Basically. Sorry to back into this stuff a post at a time....ACH=0.3 is a common level of minimum ventilation recommended for residential property. If you had an airtight house (e.g a super tight green house), you would size the HRV/ERV to provide something like 0.3 air changes per hour. In my case, since my house volume is ~18,000 cubic feet, that is 18000 (cf/change)*0.3 (change/hr)/60 (min/hr) = 90 cfm. So, even when it is 70F out, I can run a bathroom fan and get a 'code' amount of fresh air. Of course, most houses in the US have stack driven flow >0.3 ACH most of the time (except the hours when the temp diff and wind are both small), so it was never an issue.
A lot of folks think the 0.3 number is a little generous. If your house is lacking major pollution sources (e.g. smokers) and has a lot of square footage per person, 0.2 is likely plenty, in my case that is only 60 cfm. My current ACH in the winter is still well above that line, so I can still save energy by additional airsealing, without risk of killing my indoor IAQ. In mild weather, however, I am likely below 0.2 much of the time, because of reduced stack effect. That is, if I have an ACH of 0.5 when the temp outside is 20°F (50° differential), then I have 0.2 ACH when the diff is ±20°F (50 or 90F outside), or <0.2ACH whenever the temp outside is between 50-90°F. So I bought a blower, filter and filter box to supply ~60cfm filtered fresh air into my house, planning to run it from Apr-Oct. This would also maintain a small positive pressure to keep allergens out, and flood my wall cavities with dehumidified air during the AC season, which sounds good to me. Technically, this is fixing something that isn't broke (i.e. there is no evidence of our IAQ being poor), but my wife and I have wicked hayfever, so a filtered fresh air supply helps that and covers the hypothetical IAQ problem. I'll install it before the spring pollens.
Radon is a complex issue--I haven't checked it, but should. It does depend on the relative pressure--in the winter you are sucking air into your basement (mining radon) and in the heat of the summer you are pushing air out your basement. I'll check it soon.
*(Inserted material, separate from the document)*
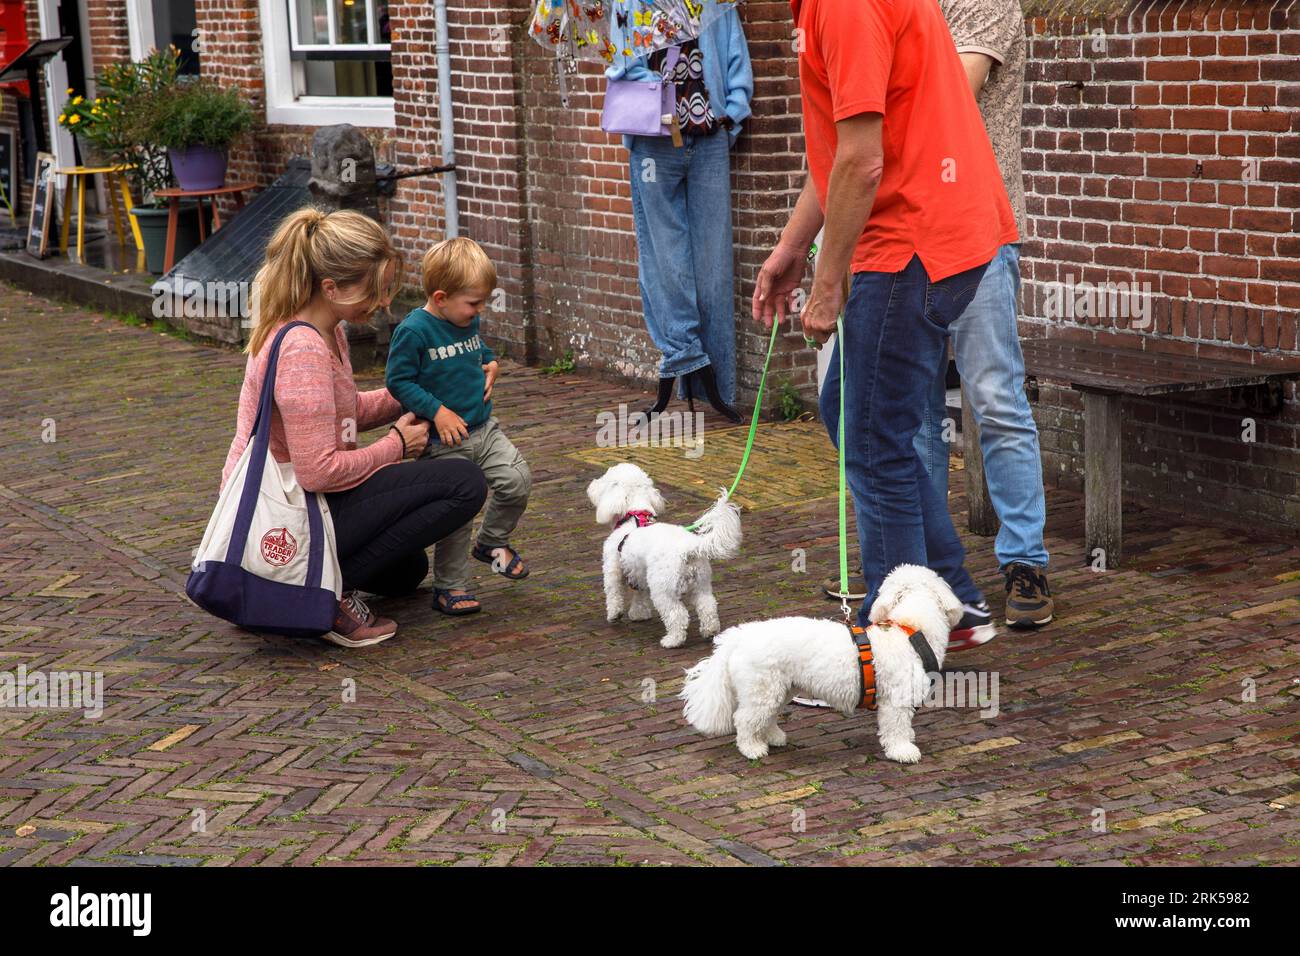 the village Veere on Walcheren, little boy meets dogs, Zeeland, Netherlands. der Ort Veere auf Walcheren, kleiner Junge begegnet Hunden, Zeeland, Nied Stock Photo
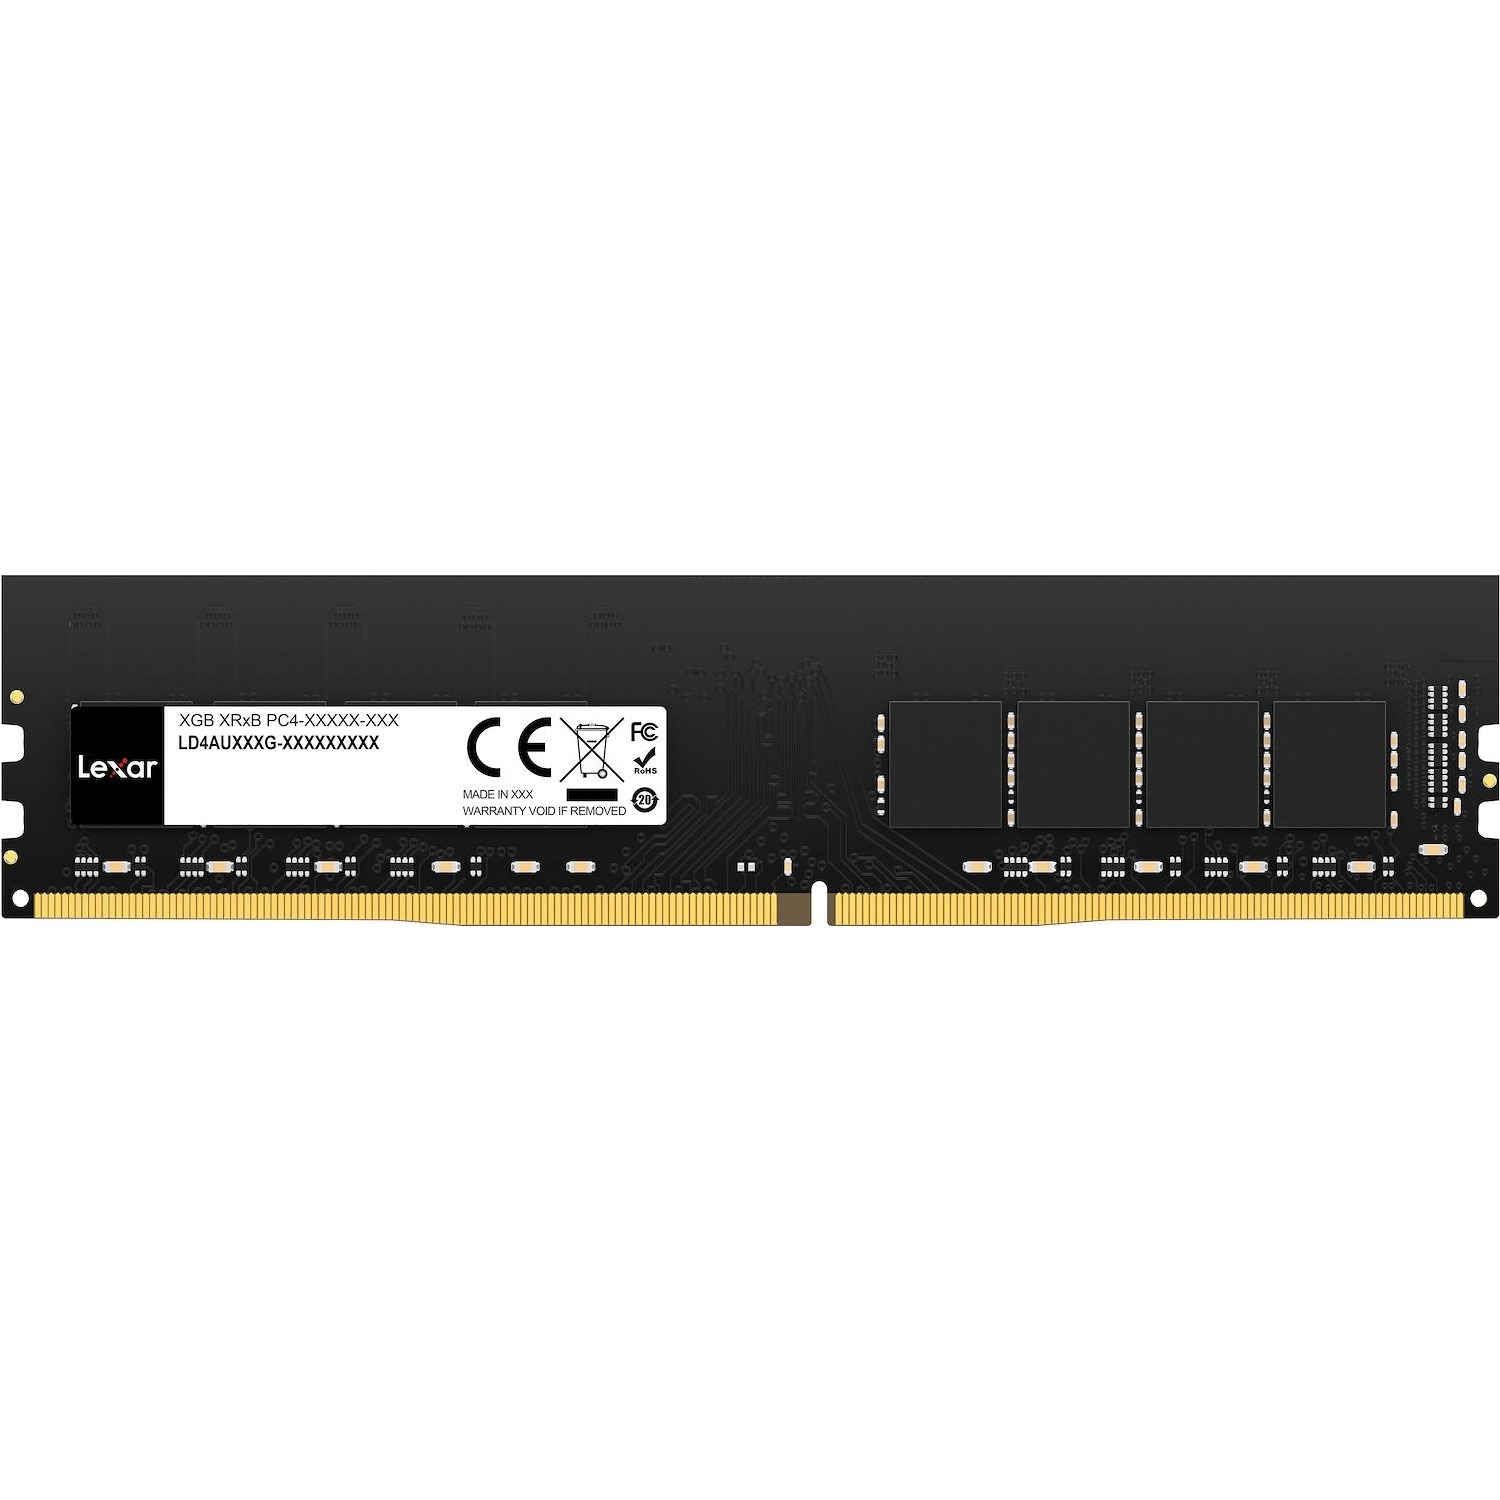 Immagine per RAM Lexar DDR4 32GB 288 PIN SO-DIMM 3200MBPS da DIMOStore

On the humidifier, I worked out that ~4300cf of 100RH air at 70°F contains 1 gallon of water (as vapor). Evaporating 3 gal from my humidifier can humidify 3*4300 = 13000 cf of dry air to 100% RH, or could raise the RH of 130000 cf of humid air by 10%RH. If hypothetically my 3 gal/day humidifier only raises the RH in my house by 10% (say, after 24 hours of running, relative the RH the day before), then apparently I have 130000 cf of air entering and exiting my house every day to carry the water away so effectively. This huge amount of air corresponds to 90 cfm * 1440 min/day, or about 0.3 ACH in my case.
When I bought my house, I could never humidify it in the winter. I could run a big humidifier flat out (forget it maintaining a setpoint) and got no benefit I could detect with a meter, let alone feel! I now know that I was at 1.3ACH, and my 1.5 gallon/day humidifer would, theoretically, boost my indoor humidity by only 1.15%.
Bottom line: houses that are hard to humidify in the winter are leaky sieves (you can still put a humidifier in the bedrooms). Houses that are built tight (very low ACH) often don't need winter humidification at all. When I got to the point of seeing a measurable RH rise when I ran my 'whole house' humidifier, I knew I was getting close--and I could use the humidifier to estimate my wintertime ACH.